33 Ductus venosus: Present at birth, but looses functionality within minutes. Structurally closed 3-7 days after birth Leaves a fibrous remnant in the liver called the ligamentum venosum

34 Pulmonary venous system The pulmonary veins are not derived from pre-existing embryonic veins. They form de novo as the lungs develop and drain the capillary beds of the lung tissue into the left atrium. Initially this drainage is via a single trunk; however, as the embryo develops, this trunk is incorporated into the wall of the left atrium. By 8-9 weeks, this results in the 4 pulmonary veins that originally connected to the common trunk, emptying separately into the left atrium.
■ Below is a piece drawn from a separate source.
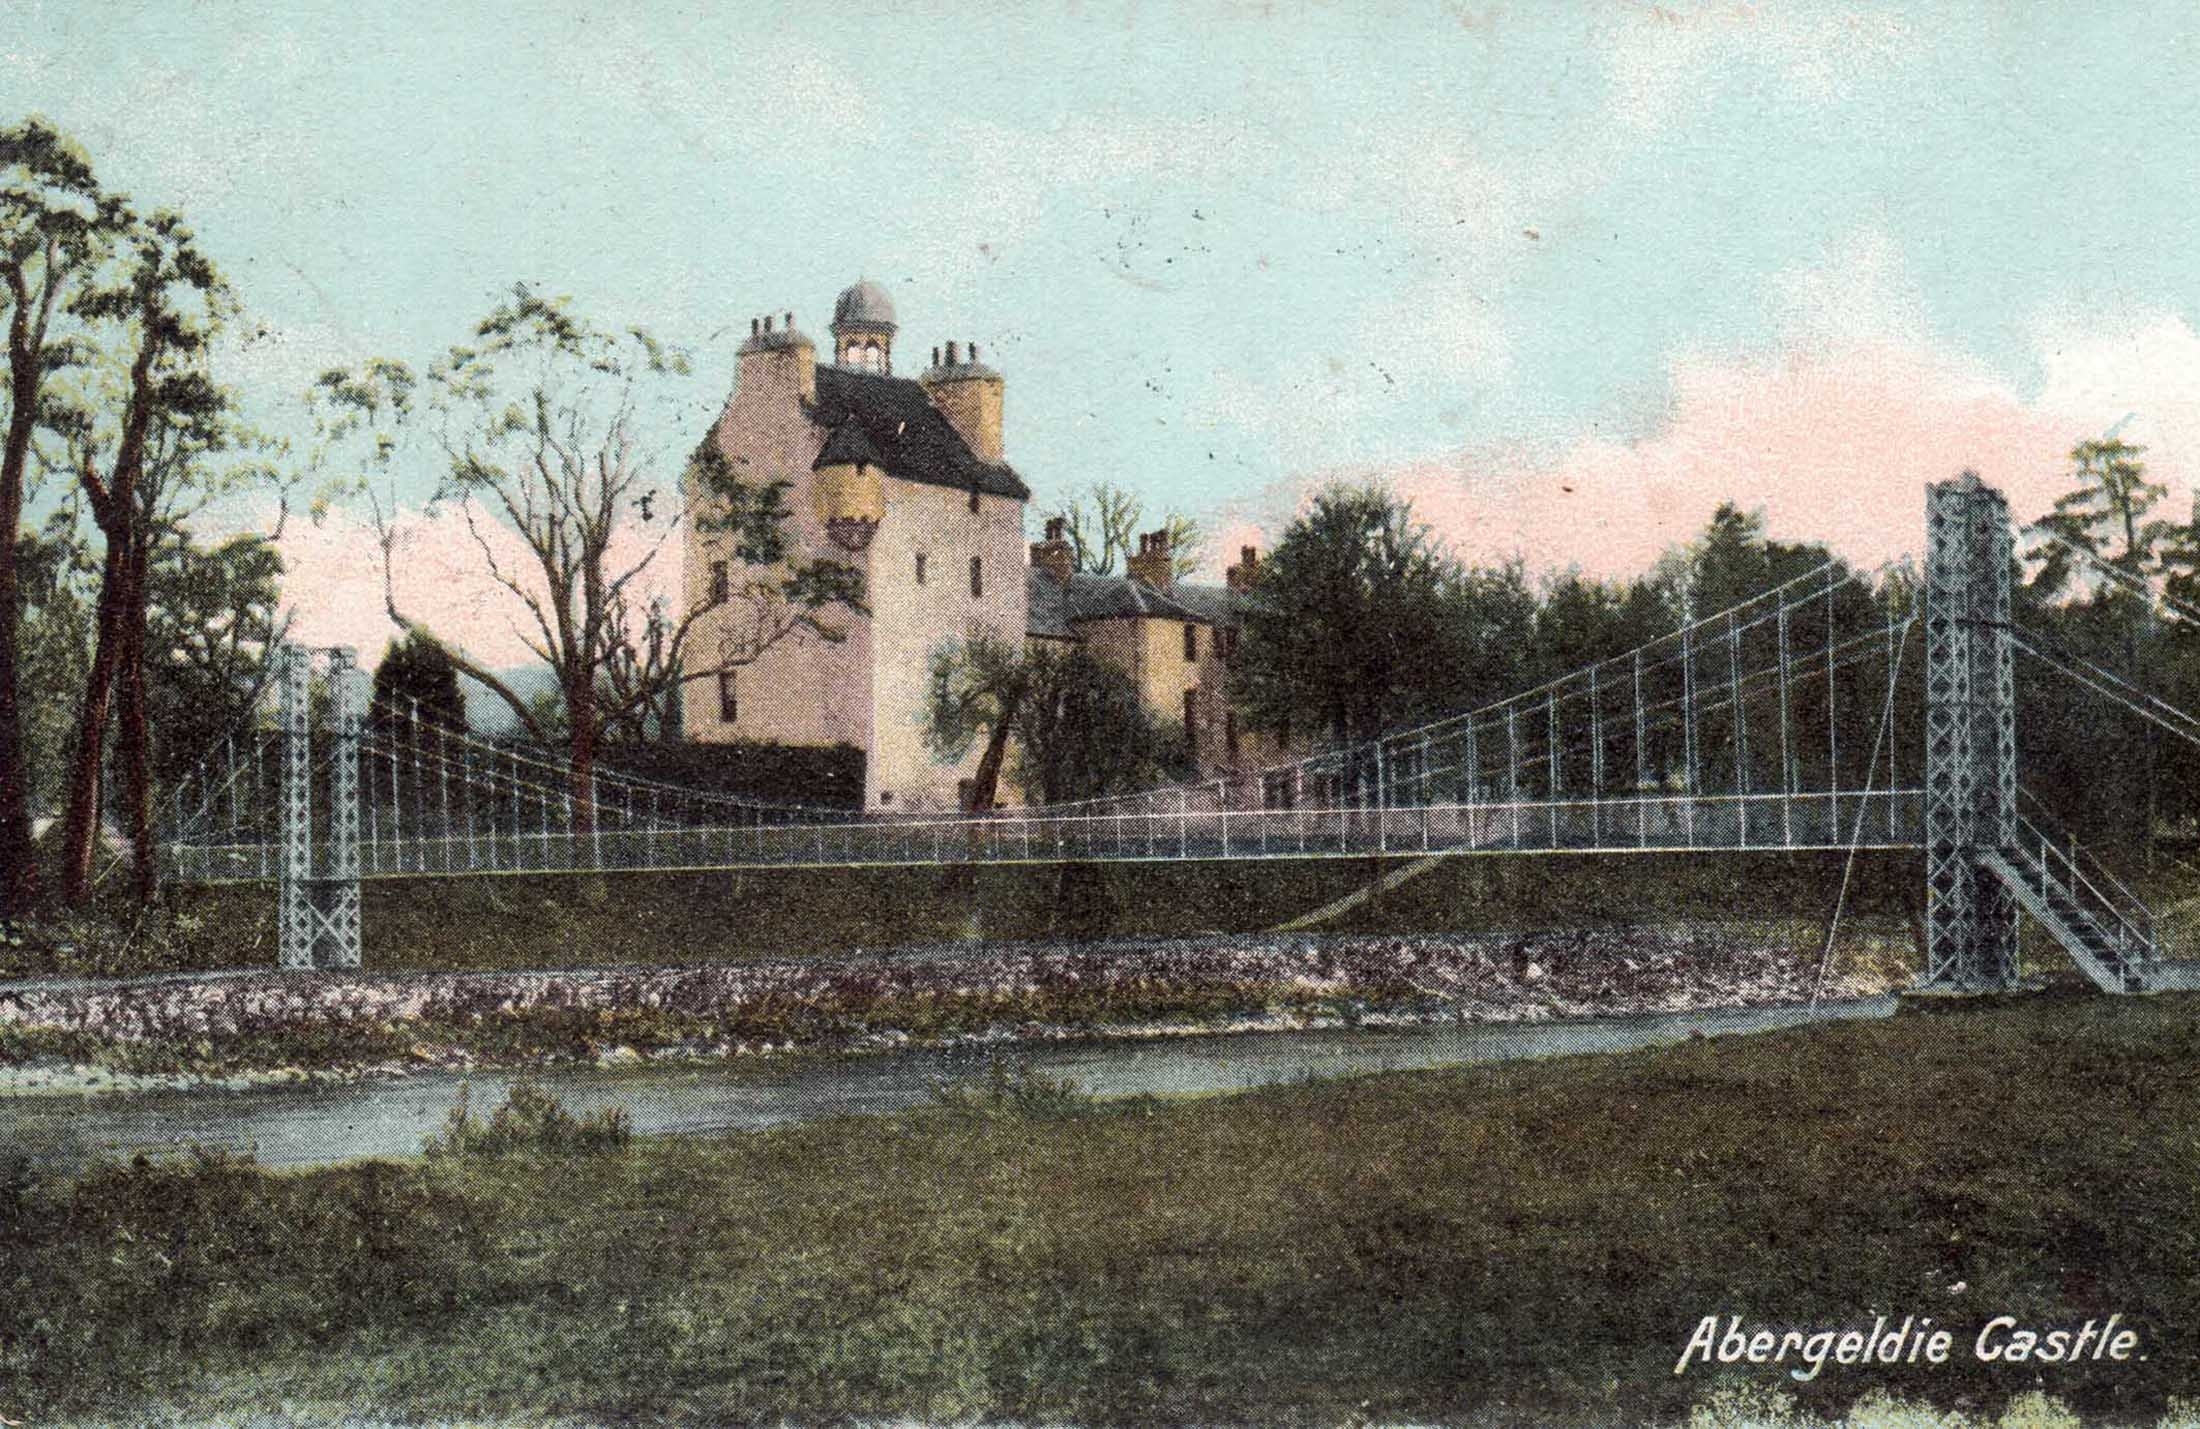 A postcard showing Abergeldie Castle in the early 1900's looking south over the River Dee on Royal Deeside 
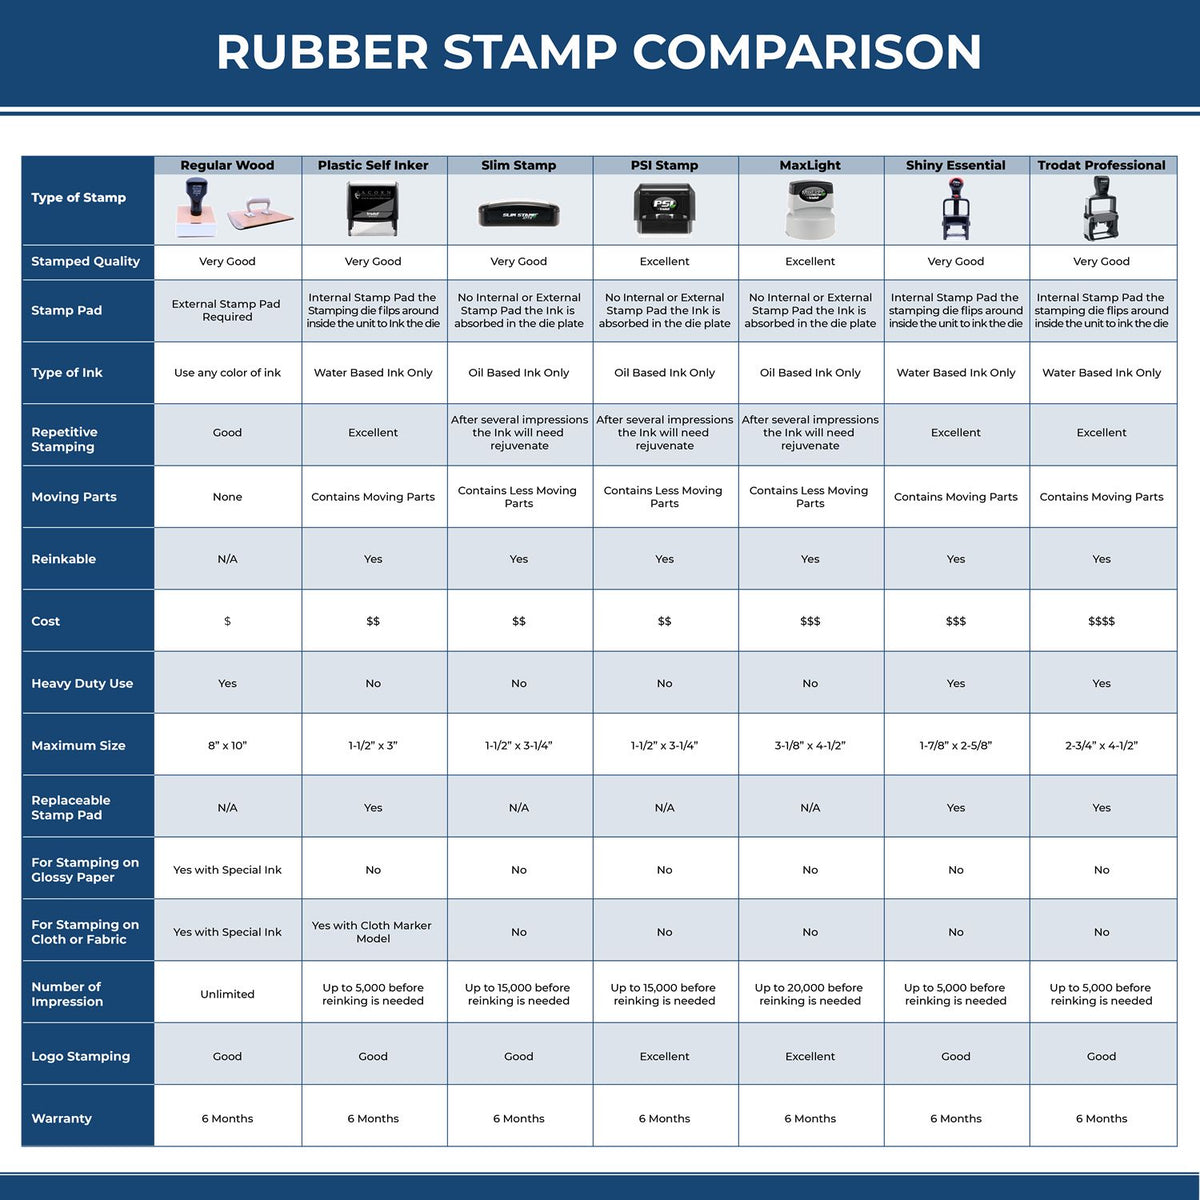 Large Pre-Inked Small Packet Stamp 5564SLIM Rubber Stamp Comparison

35 Umbilical Veins As the placental circulation develops, two umbilical veins initially return blood from the placenta to the sinus venosus. As development continues, the right umbilical vein degenerates and the placental blood ends up being returned to the heart by the left umbilical vein via the ductus venosus. This blood flow ceases at birth when the umbilical cord is cut. Subsequently, the lumen within the left umbilical vein is obliterated by cell growth from the walls and the remnant of this vessel becomes the round ligament of the liver. Umbilical Arteries Develop as branches off the posterior dorsal aorta that extend along the allantoic stalk out to the placenta.